オランダにはTulpenmanie(チューリップマニア)と言う言葉があります。

17世紀オランダ、オスマン帝国からもたらされたチューリップ球根の価格が異常に高騰し、突然暴落した時代、チューリップのバブル〜バブル崩壊の時代がありました。
このチューリップ・バブルを、チューリップマニアと呼ばれています。
また現在では大規模な経済的バブルの比喩として使われる言葉となっています。



Tulpenmanie(チューリップマニア)
1554年、オスマン帝国からウィーン(オーストリア)に、チューリップの球根と種が送られたことから、ヨーロッパにチューリップが知れ渡りました。
鮮やかな色味と大きな花弁のチューリップは、当時ヨーロッパで知られていたどの花とも異なっており、多くの人々が興味を抱きました。

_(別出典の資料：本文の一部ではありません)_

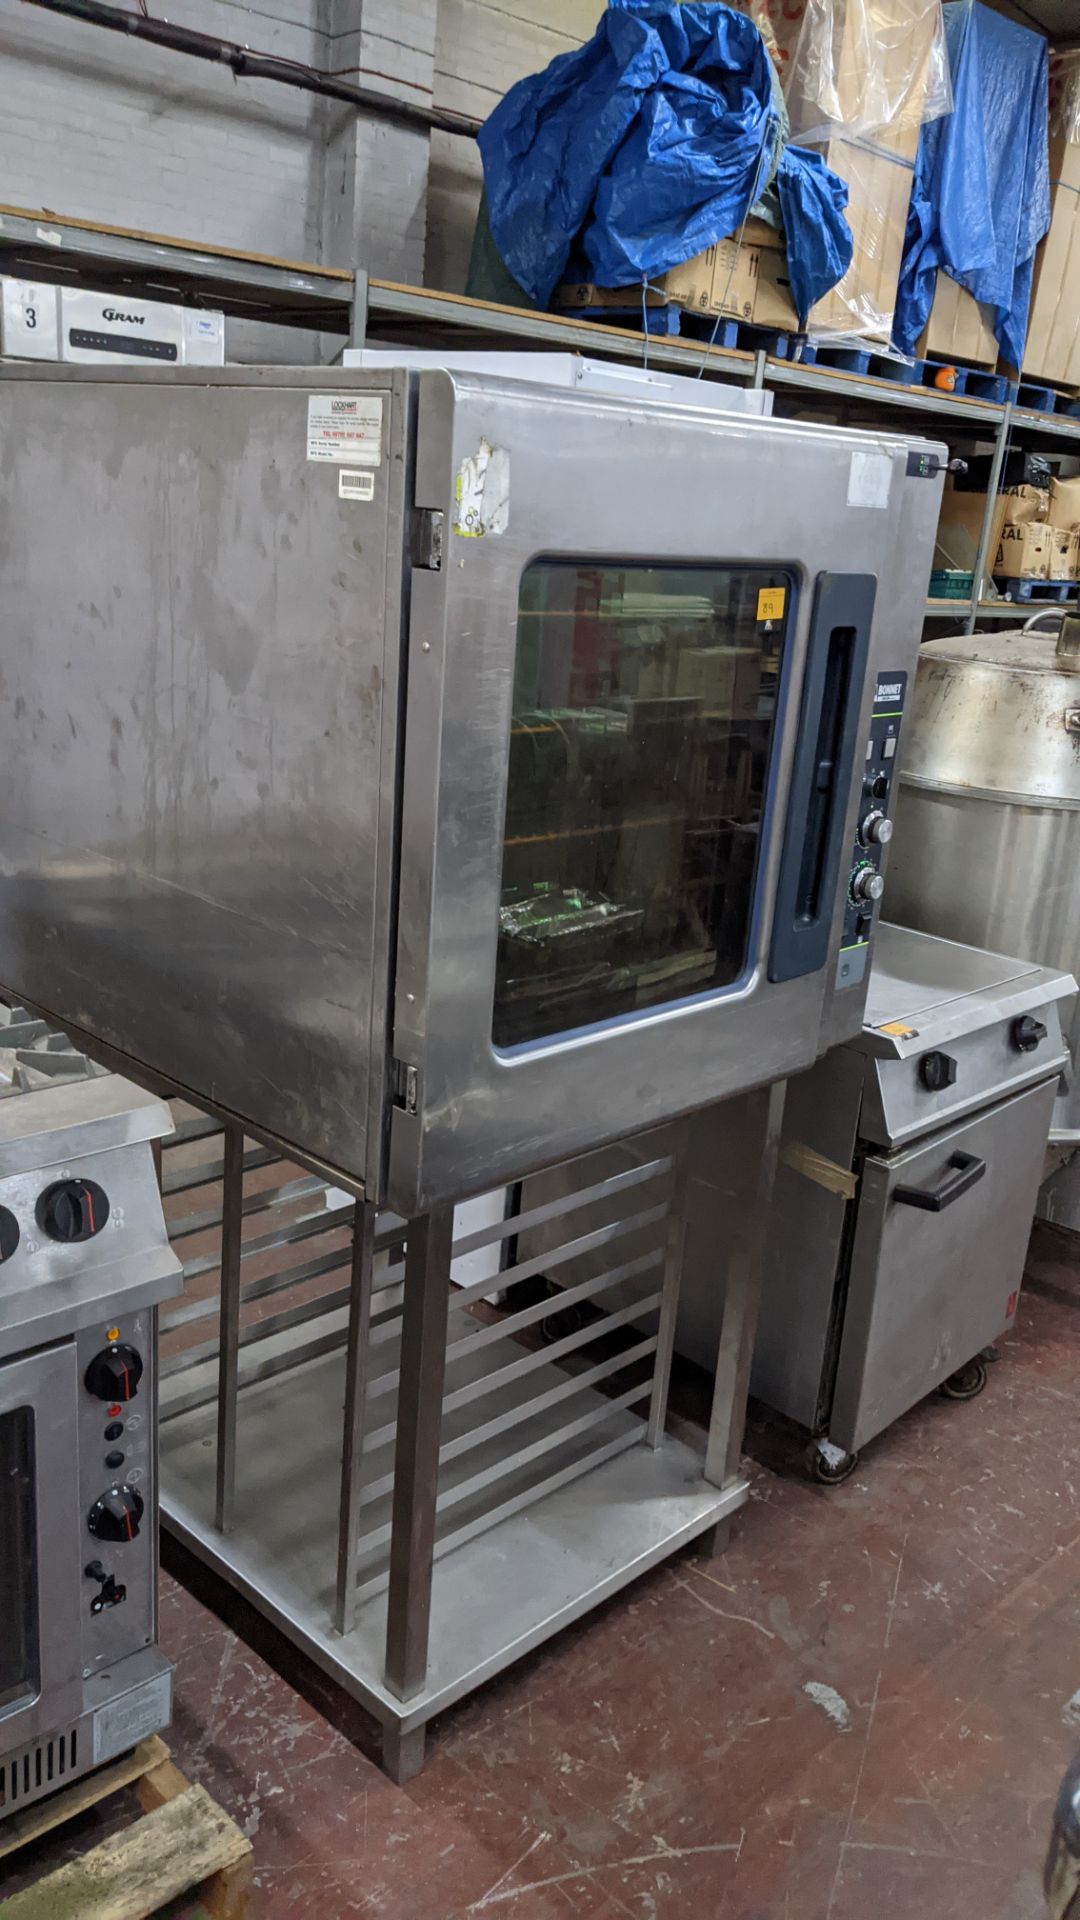 Bonnet Cidelcem Industries oven on dedicated stand - Image 6 of 6

ウィーンからヨーロッパ各地にチューリップの球根が広まり、オランダでチューリップ栽培が本格的に開始されたのは1593年のことです。
その後チューリップがオランダの厳しい環境にも耐えうることを植物学者が発見したことから、チューリップの生産がオランダ各地で始まりました。

またこの頃のオランダは、黄金時代の幕開けの時期。
ちょうど貿易によって富を増やしていた時に、チューリップ栽培が盛んになったため、オランダ産のチューリップは各国へと輸出されました。
*この頃の貿易で、アムステルダムの商人たちは、1回の航海で400%の利益を上げていたそうです。

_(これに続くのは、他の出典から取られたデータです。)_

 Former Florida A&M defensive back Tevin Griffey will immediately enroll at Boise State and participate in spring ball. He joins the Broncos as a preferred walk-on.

人気急上昇のチューリップは、誰もが欲しがる贅沢品となり、品種も豊富に改良されました。
赤・黄・白色などの単色だけではなく、縞模様があるものもが開発されたのです。
この縞模様チューリップは、鮮やかで目を見張るものがあり、瞬く間に大人気商品になりました。
(現在では、この縞模様は、チューリップのみに感染する病気(モザイク病)として知られています。)

縞模様チューリップの人気が高まったため、この球根の価格はどんどん上昇しました。
球根を実際に見たこともない世界各国の投資家による先物取引により価値が跳ね上がったのです。
よってオランダで本格的にチューリップ栽培が始まってからわずか40年あまりで、チューリップ球根は、ジン、ニシン、チーズに次いで4番目に取引高の大きな輸出品として成長したのでした。

1636年の秋、バブルはピークを迎えました。
11月から急激に高騰した球根価値は、その後3ヶ月で20倍近くへと上がったのです。
たった40個の球根が100,000ギルダー(600万円)以上で取引されていたようです。
(参考:当時の価格、バター1トン=100ギルダー(6000円)、熟練工の年収=150ギルダー(9000円))

しかしこの急激な高騰はたった3ヶ月しか続かず、年明けの2月には大暴落となってゆくのでした。

<チューリップマニアを皮肉った絵画 『Wagon of Fools(愚か者の車)』(1637年) 風に吹かれ、チューリップを派手に描いた旗がたなびく中、花の女神フローラは腕にチューリップの花を抱え、酔払い、商人、二つの顔を持つ女神フォルトゥーナとともに、車に乗って海への墜落へと向かっている。>

たった3ヶ月で20倍近くの価値がついたチューリップ球根。
しかしよく考えてみてください。
美しい花とはいえども、年収の600倍以上の値段。しかも球根だから咲くかどうかも曖昧。咲いてもチューリップの花は短命です。

って誰が買うんだよっ。
そうです。取り憑かれたように球根を買っていた投資家たちが、そこに気がついたのです。
気がつくのが遅いくらいですですが、単純に仕入れ価格が20倍にもなってしまったら、末端価格はそれ以上。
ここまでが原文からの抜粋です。